:: Data shown
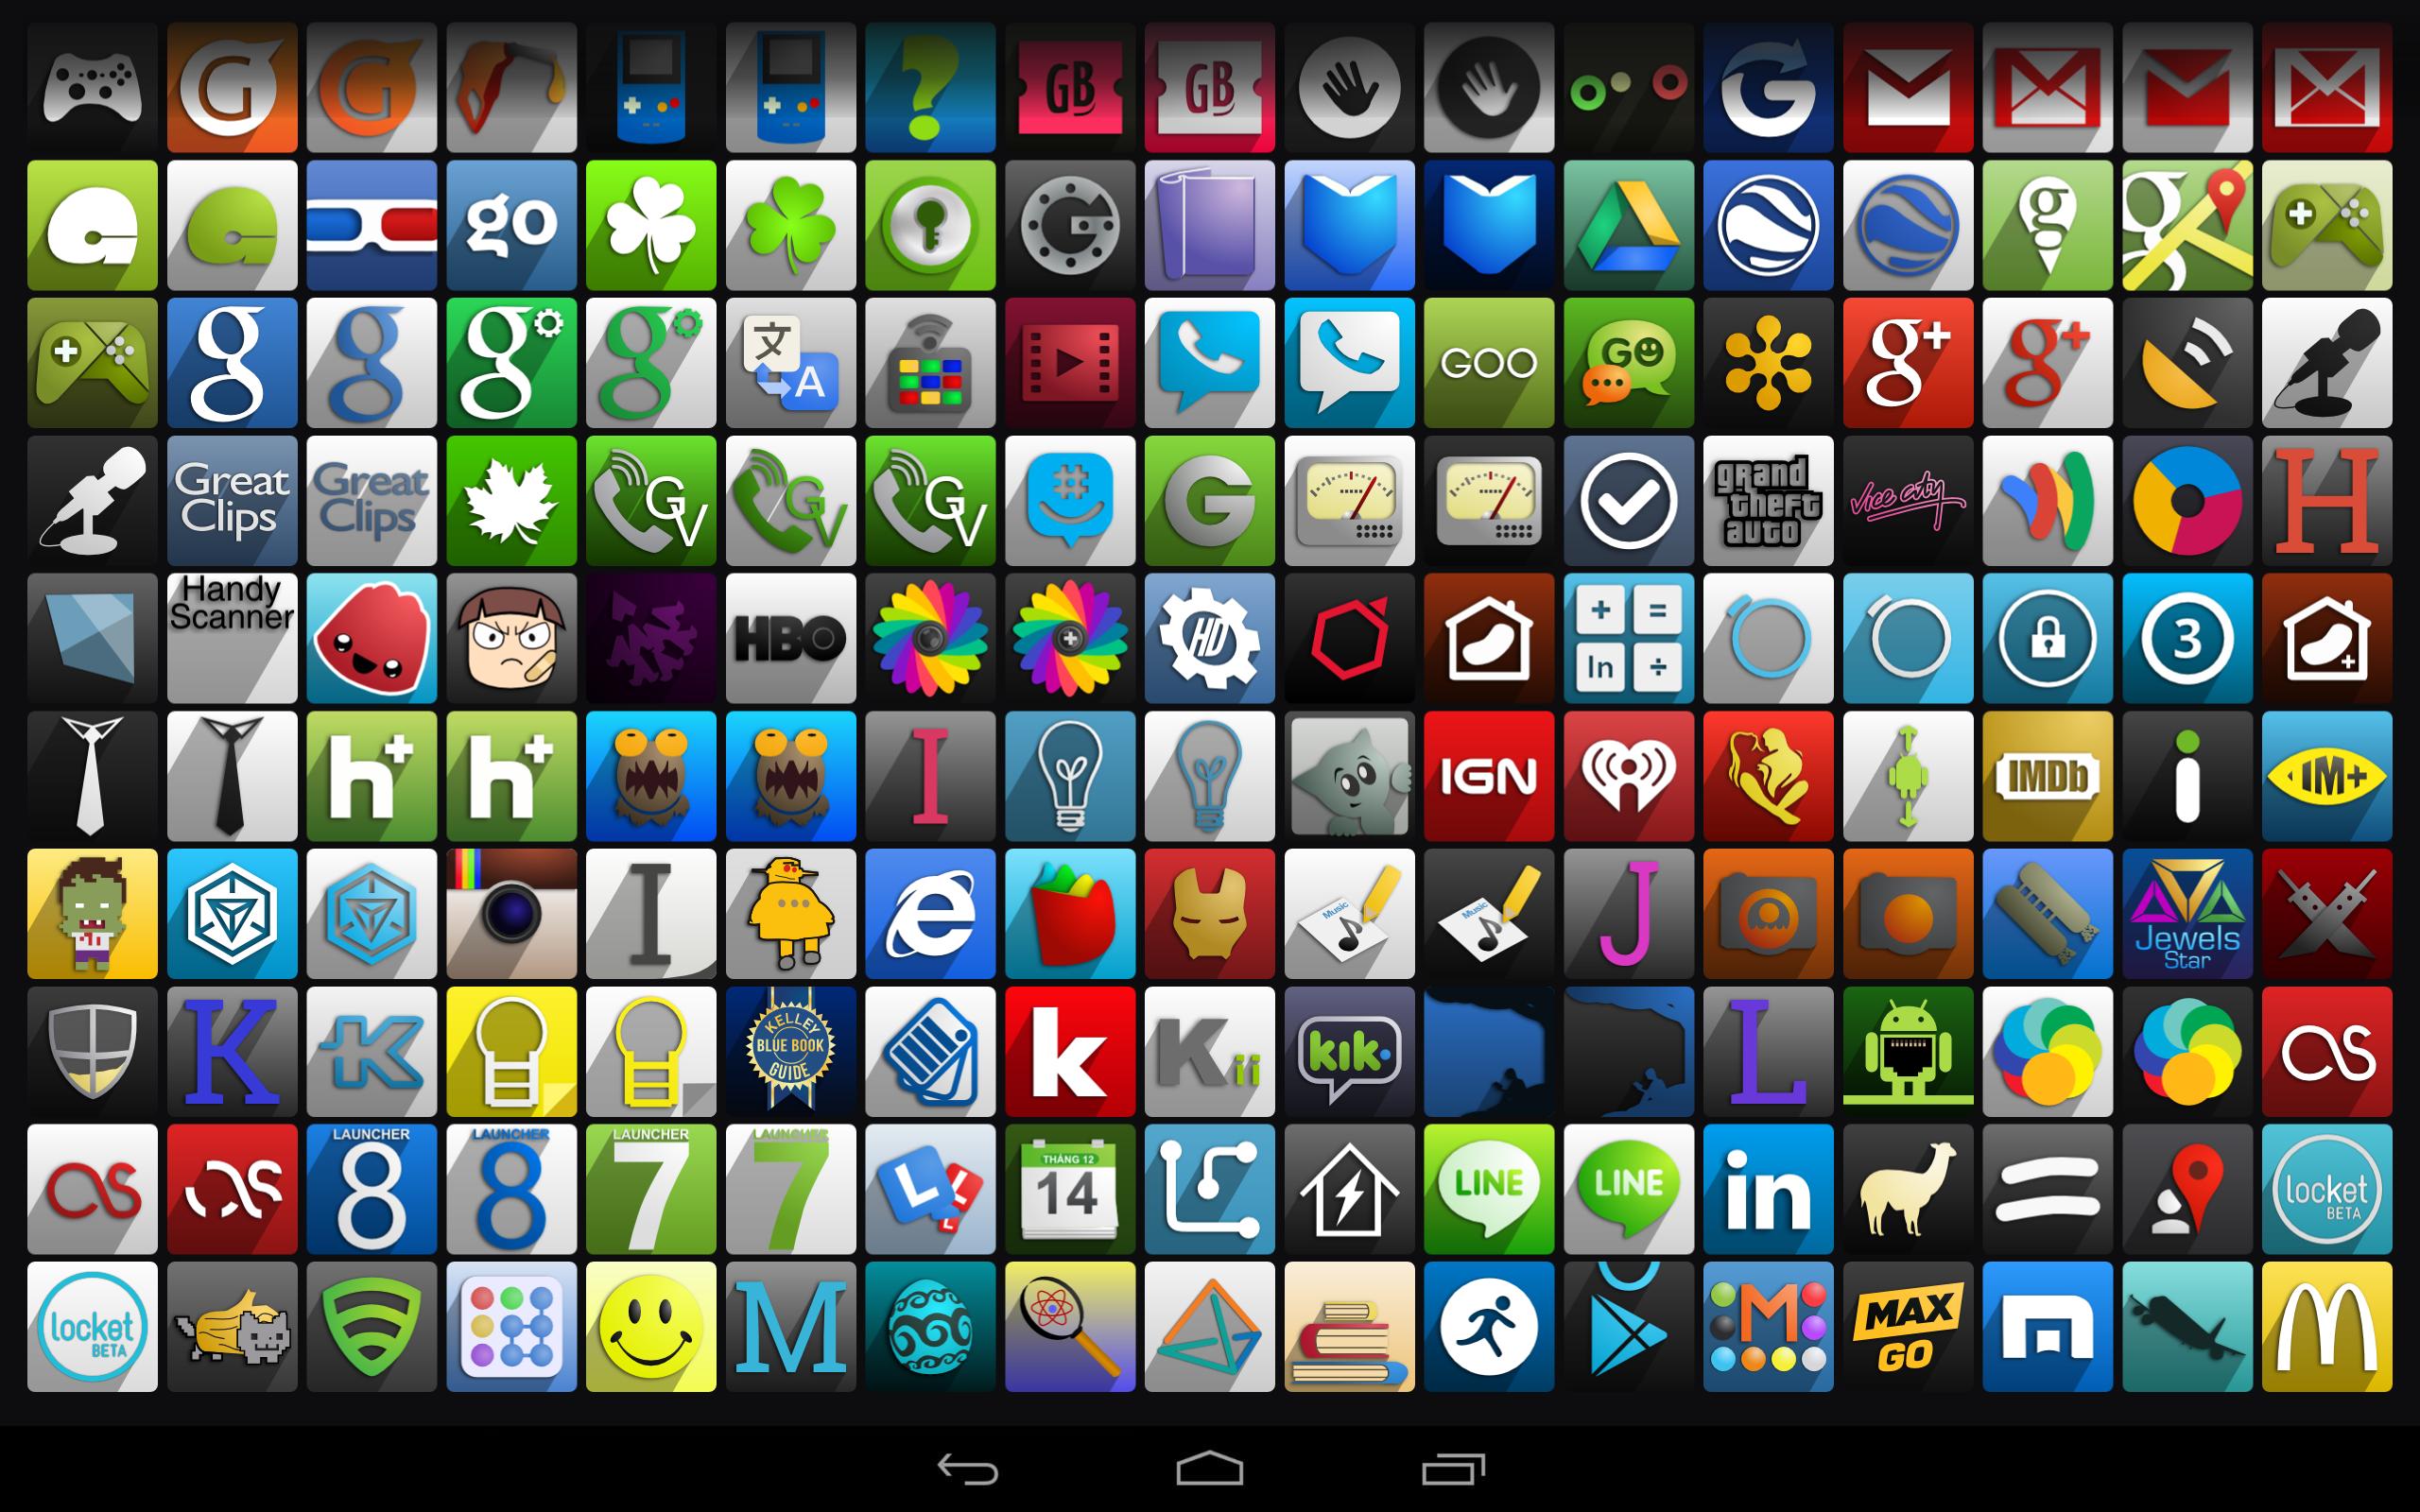 Ярлыки на главном экране андроида. Иконки приложений для андроид. Красивые иконки для приложений. Значки приложений на андроиде. Иконки для приложений Android.
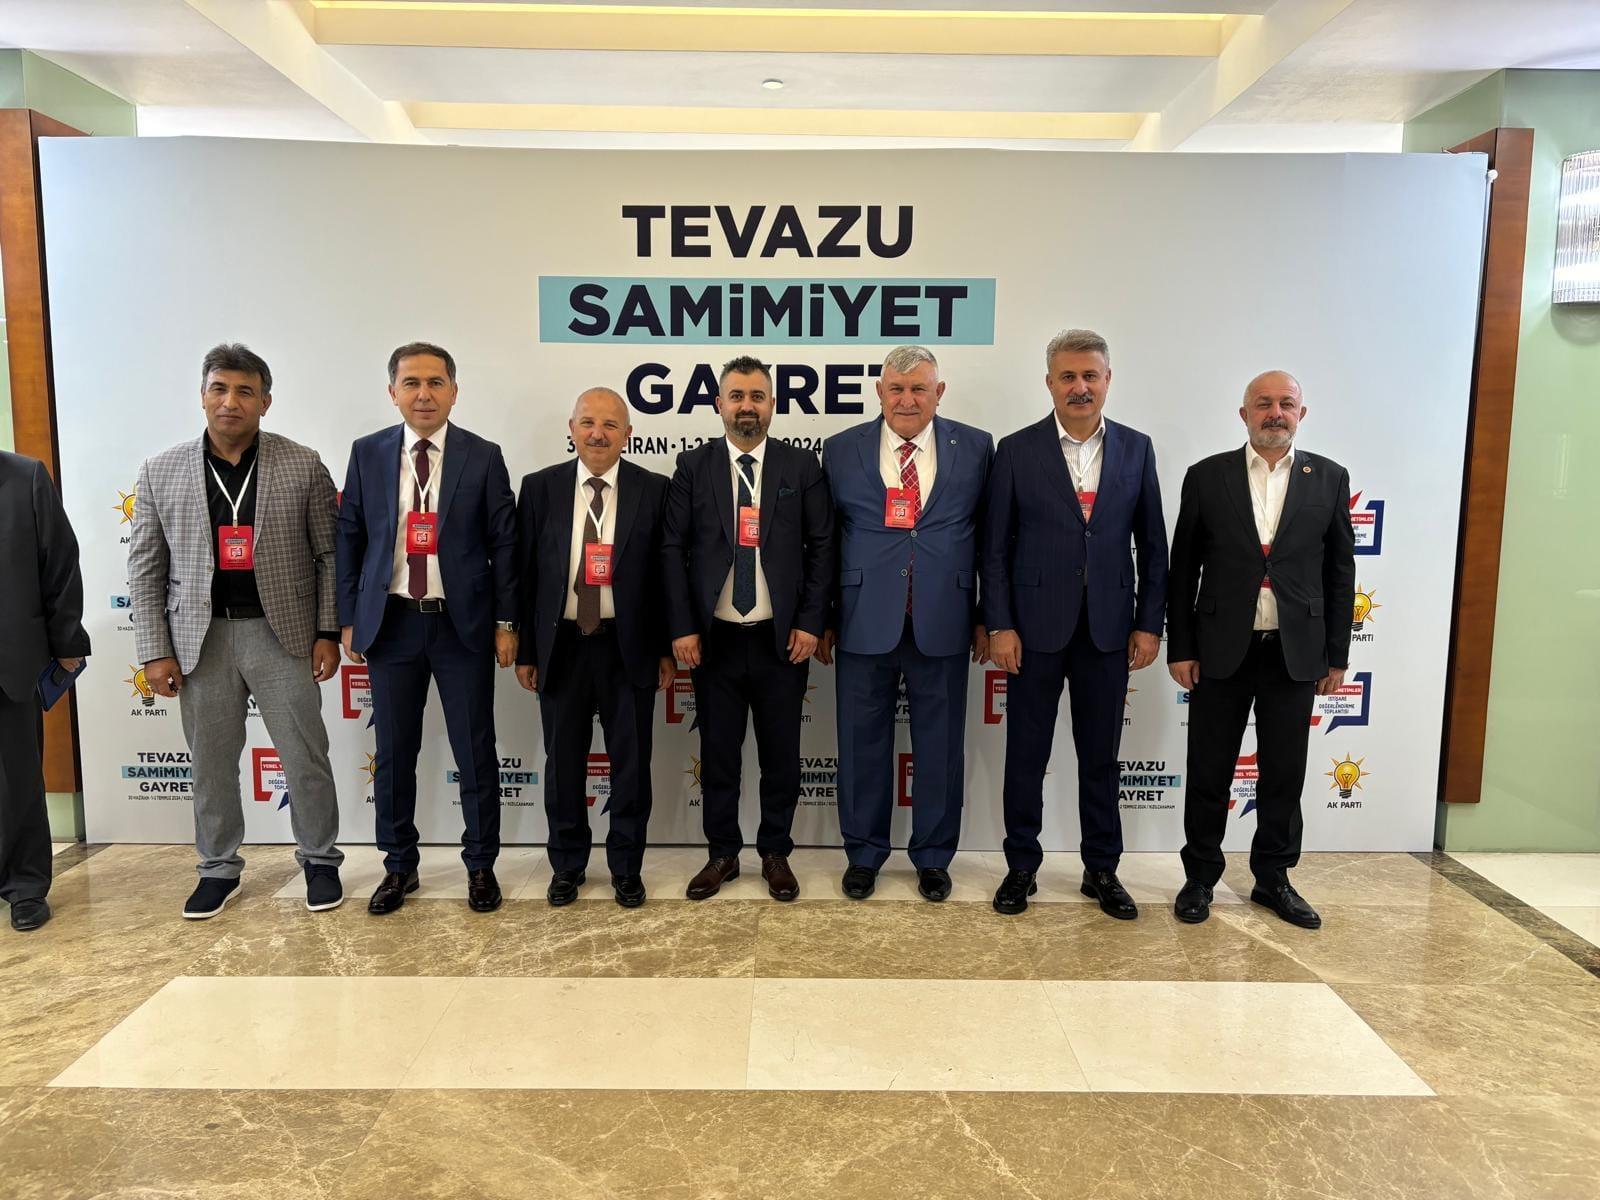 AK Partil Belediye Başkanları Kızılcahamam Kampında - Kırıkkale Haber, Son Dakika Kırıkkale Haberleri
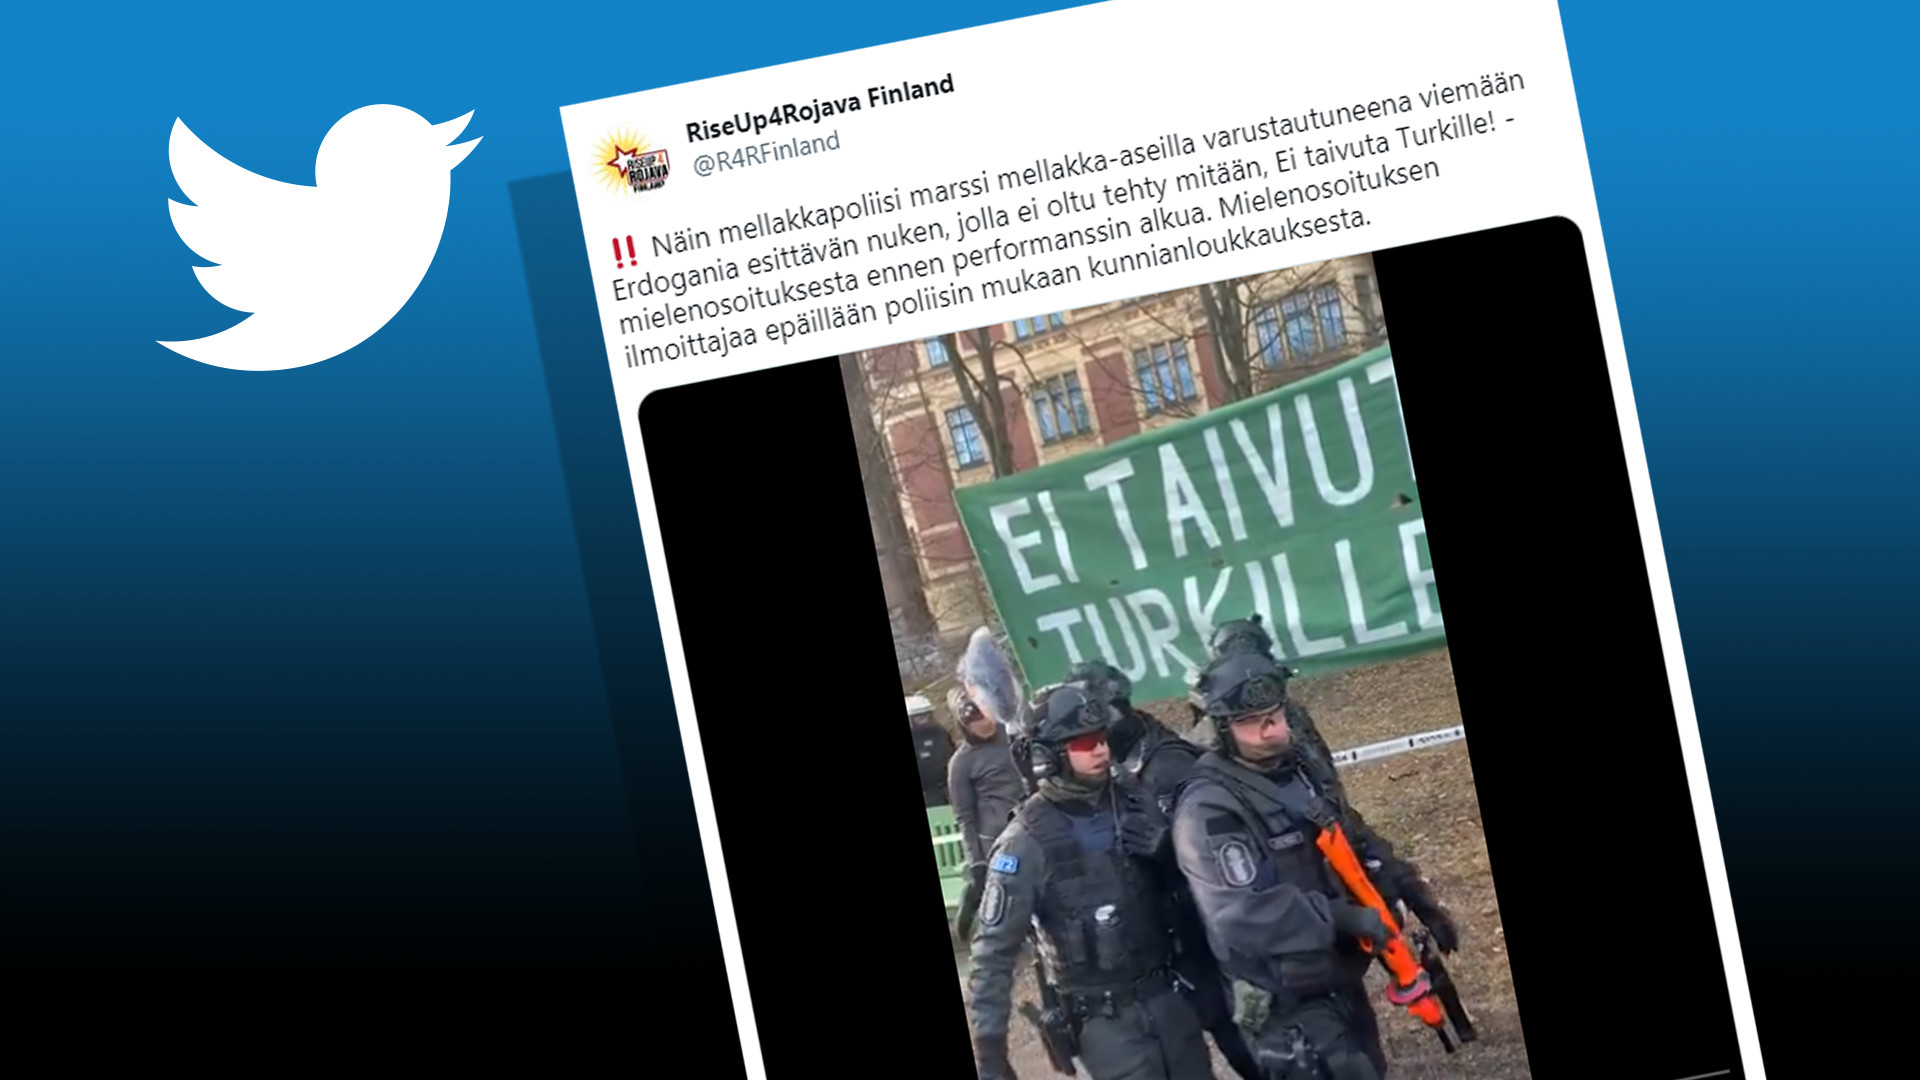 Polis mengeluarkan figura Erdogan daripada demonstrasi Helsinki
::::
From the line with "AK Partil Belediye" to the last line of the material, both inclusive, set down every line exactly and nothing else; omit pictures.

**Answer to the problem**:
 AK Partil Belediye Başkanları Kızılcahamam Kampında - Kırıkkale Haber, Son Dakika Kırıkkale Haberleri
 Polis mengeluarkan figura Erdogan daripada demonstrasi Helsinki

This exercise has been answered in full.